The CPI report today was mainly interesting because while core rose as expected – actually, a little bit more than expected – that was not due to primary rents and Owners’ Equivalent Rent, which have been the driving force for some time. Indeed, Primary Rents actually decelerated, so the rise in core CPI came despite sluggishness in one of the formerly-leading components.

So what happened? Well, other elements of core services took the reins. Un-sexy elements like Information and Information Processing (-0.8% from -1.5%, and compared to a 2-year compounded rate of -1.3%), Personal Care Services (3.1% vs 2.7%), Medical Care – Professional Services (2.0% vs 1.8%), and Health Insurance (3.6% vs 3.0% – see chart below, source Bloomberg).

healthins

It is worth pointing out that health insurance is only 0.75% of the CPI because the BLS measures the costs of medical provision more directly. This is a residual. But still very interesting given what we know anecdotally is happening in the ACA marketplace.

Here is the chart of core inflation, ex-shelter (Source: Enduring Investments).

corexshelt

This doesn’t look alarming, but the story of the low core inflation over the last few years can be thought of this way: shelter prices going up; core services ex-shelter decelerating somewhat; core goods deflating. We can’t count on core goods deflating forever (although our models have them deflating at roughly this pace for a little while yet), and they tend to move around more than core goods. But the core services ex-shelter piece, filled with things like medical care, has played a major role. Those pieces are now re-accelerating.

Nothing that happened today, as I note in the tweet-feed, will change what the Fed does tomorrow. While I was long skeptical that the Committee would tighten in December, the market priced it in and no Fed speaker (with any weight) tried to signal otherwise. That tacit agreement with market pricing has historically meant that the FOMC was prepared to do what the market had priced in. But there are four caveats worth noting.

First, as I said in the tweet-stream the Fed is always more likely to surprise on the dovish side than on the hawkish side. Thus, if the market was pricing in no action but the Committee wanted to tighten, they would be much more aggressive about speaking out so as not to surprise the markets. They never seem to care about surprising them in the dovish direction. So there’s that.

Second, this would be the first tightening of the Yellen regime. We don’t know that she operates in the same way that prior Fed Chairmen have operated; perhaps she is less worried (or aware) about surprising the markets. It is worth keeping in mind although I doubt very much she wants to be a rebel in this way, especially with high yield markets in what can generously be called “disarray.”

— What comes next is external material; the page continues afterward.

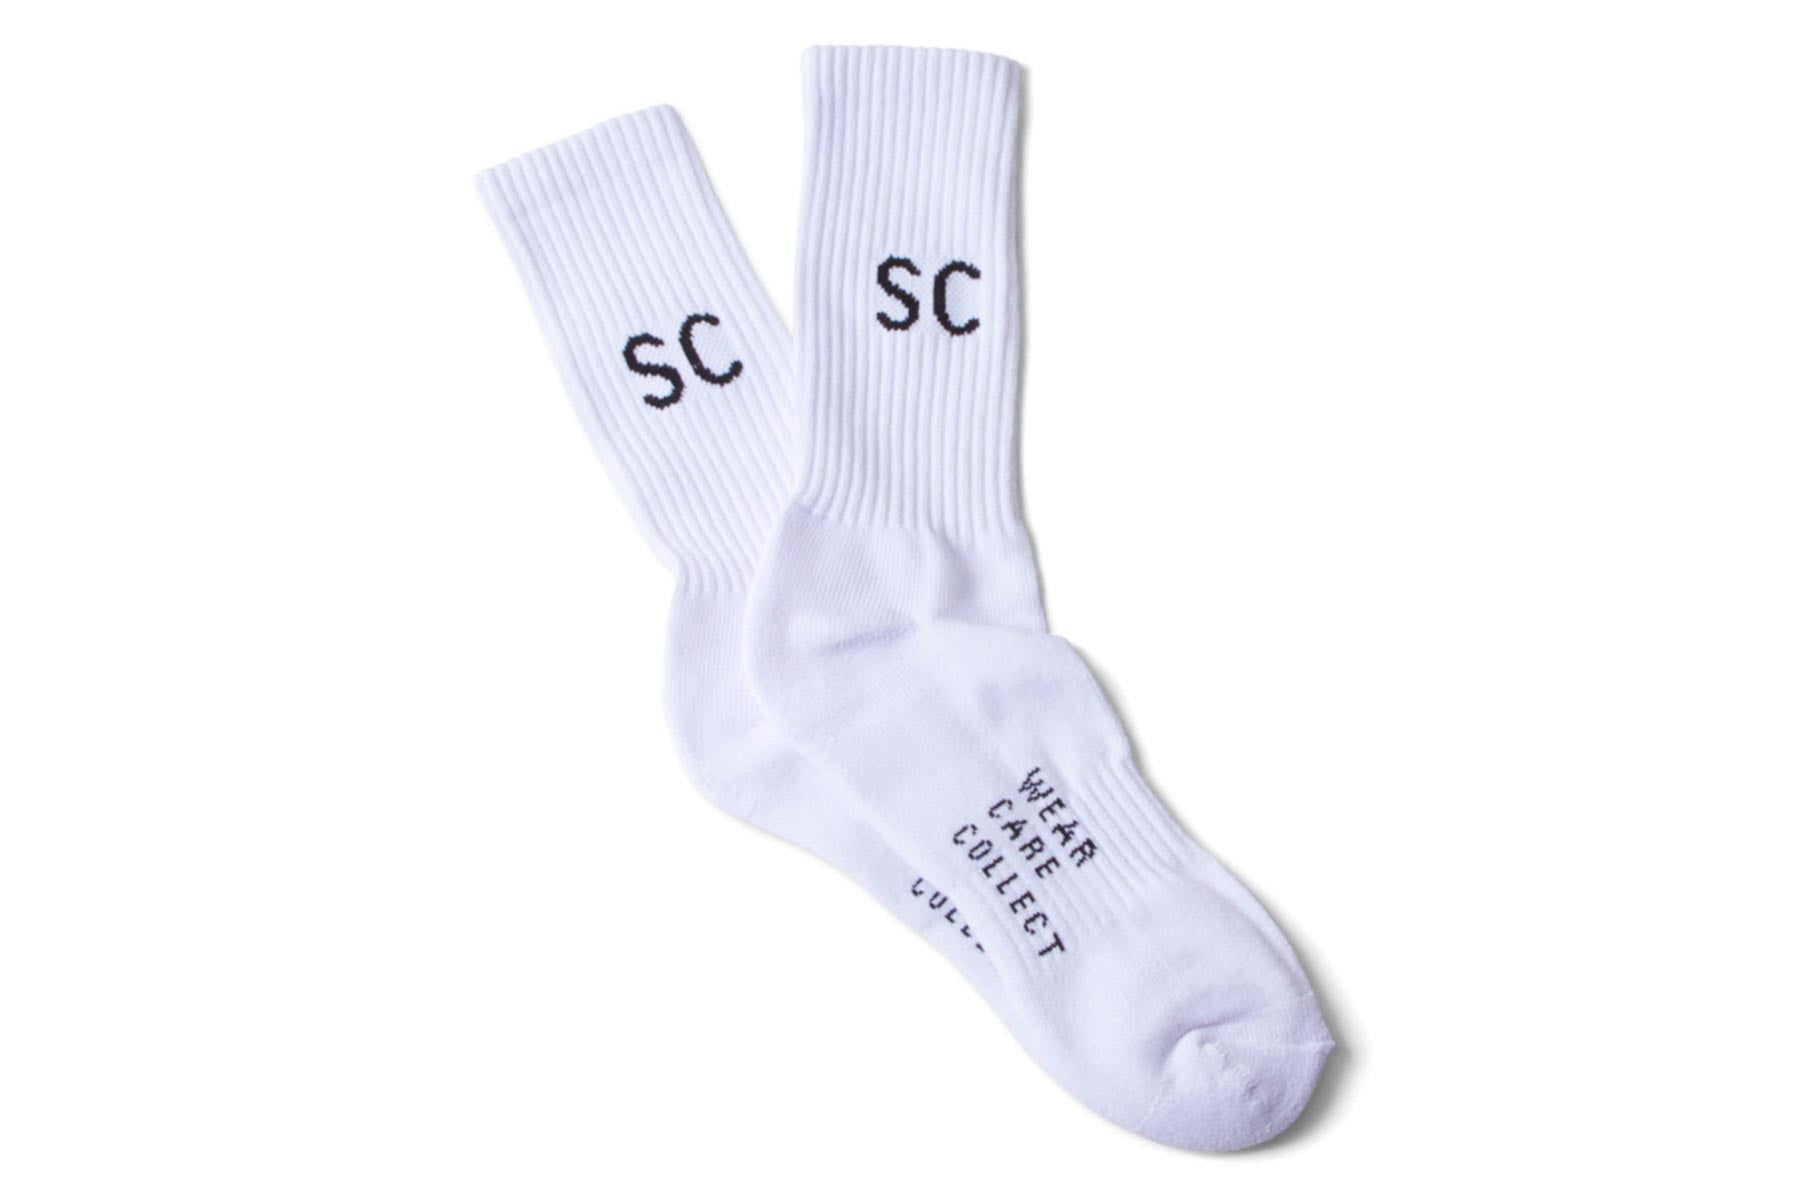 SC Fam Crew Socks (3 Pack) - White / Black

Third, whatever happens tomorrow the second tightening is very much up in the air. We are starting to see failures of high yield funds and we will see failures of high yield companies. If this gets particularly ugly, it is possible the Fed will take a pass in the first or possibly the first couple of meetings in 2016. If that happens, it will be harder to get started again. So I’d be careful to price a long string of tightening actions here.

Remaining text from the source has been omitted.